DAG-based lossless context management for LLM conversations. Never lose a message — summarize them into a directed acyclic graph.

A Python port of lossless-claw for use with Hermes Agent or as a standalone library.


What It Does

Long conversations with LLMs hit context window limits. The typical solution is to truncate or naively summarize, losing information permanently.
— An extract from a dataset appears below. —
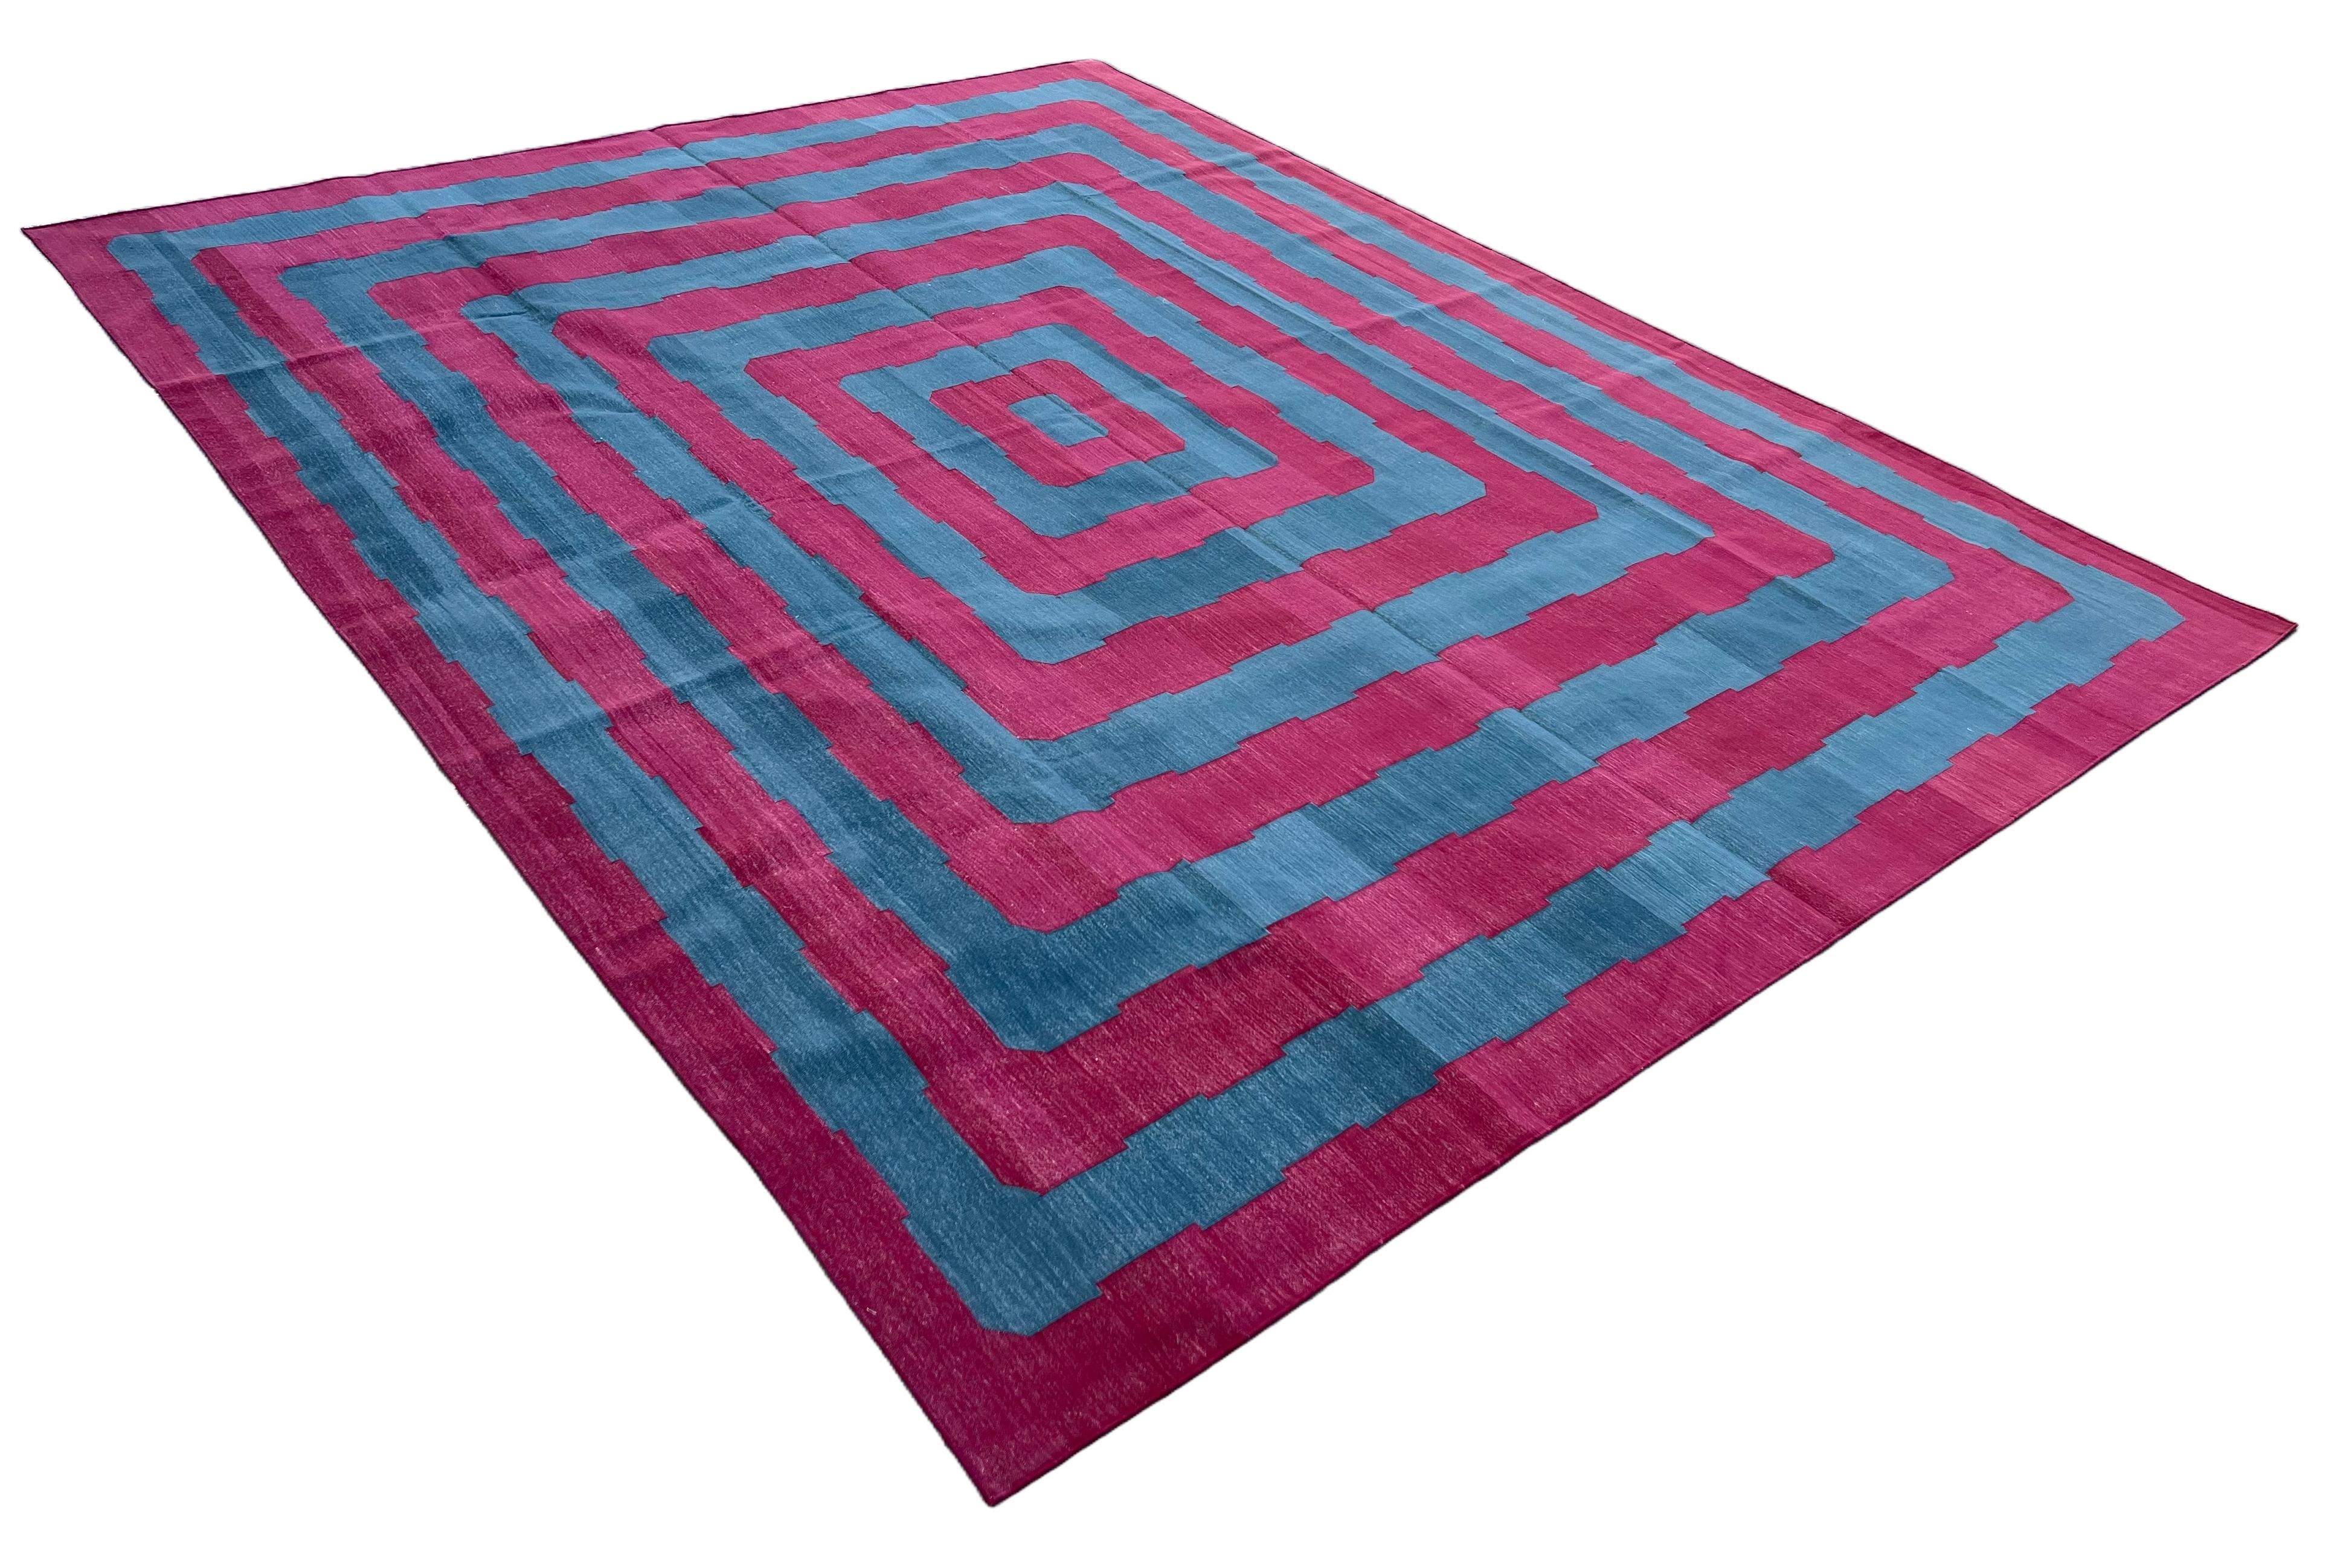 Cotton Vegetable Dyed Blue And Pink Geometric Striped Indian Dhurrie Rug-10'x14' 

These special flat-weave dhurries are hand-woven with 15 ply 100% cotton yarn. Due to the special manufacturing techniques used to create our rugs, the size and color

Lossless Context Management (LCM) takes a different approach: it builds a directed acyclic graph of summaries that compresses older messages while preserving the ability to drill back into any detail.

Your conversation never loses information. It just gets more compact.

See the animated visualization at losslesscontext.ai.

How It Works

LCM operates in two compaction passes that build a summary DAG:

Leaf pass — When the context window fills up, raw messages (excluding a protected "fresh tail" of recent messages) are chunked and summarized into leaf nodes at depth 0. Each leaf summary covers a group of messages and links back to the originals.

Condensed pass — When enough leaf summaries accumulate, they are themselves summarized into condensed nodes at depth 1. This process repeats upward: depth-1 summaries get condensed into depth-2, and so on. The result is a tree-like DAG where the root captures the entire conversation at high compression, and any branch can be expanded to recover full detail.

Context assembly reconstructs the optimal prompt by combining:

  • The highest-level summaries (covering the full history compactly)
  • The fresh tail (recent messages kept verbatim for continuity)

Cache-aware compaction adapts to prompt caching behavior. When the cache is hot (high hit rate), compaction backs off to avoid invalidating cached prefixes. When the cache is cold, compaction runs more aggressively.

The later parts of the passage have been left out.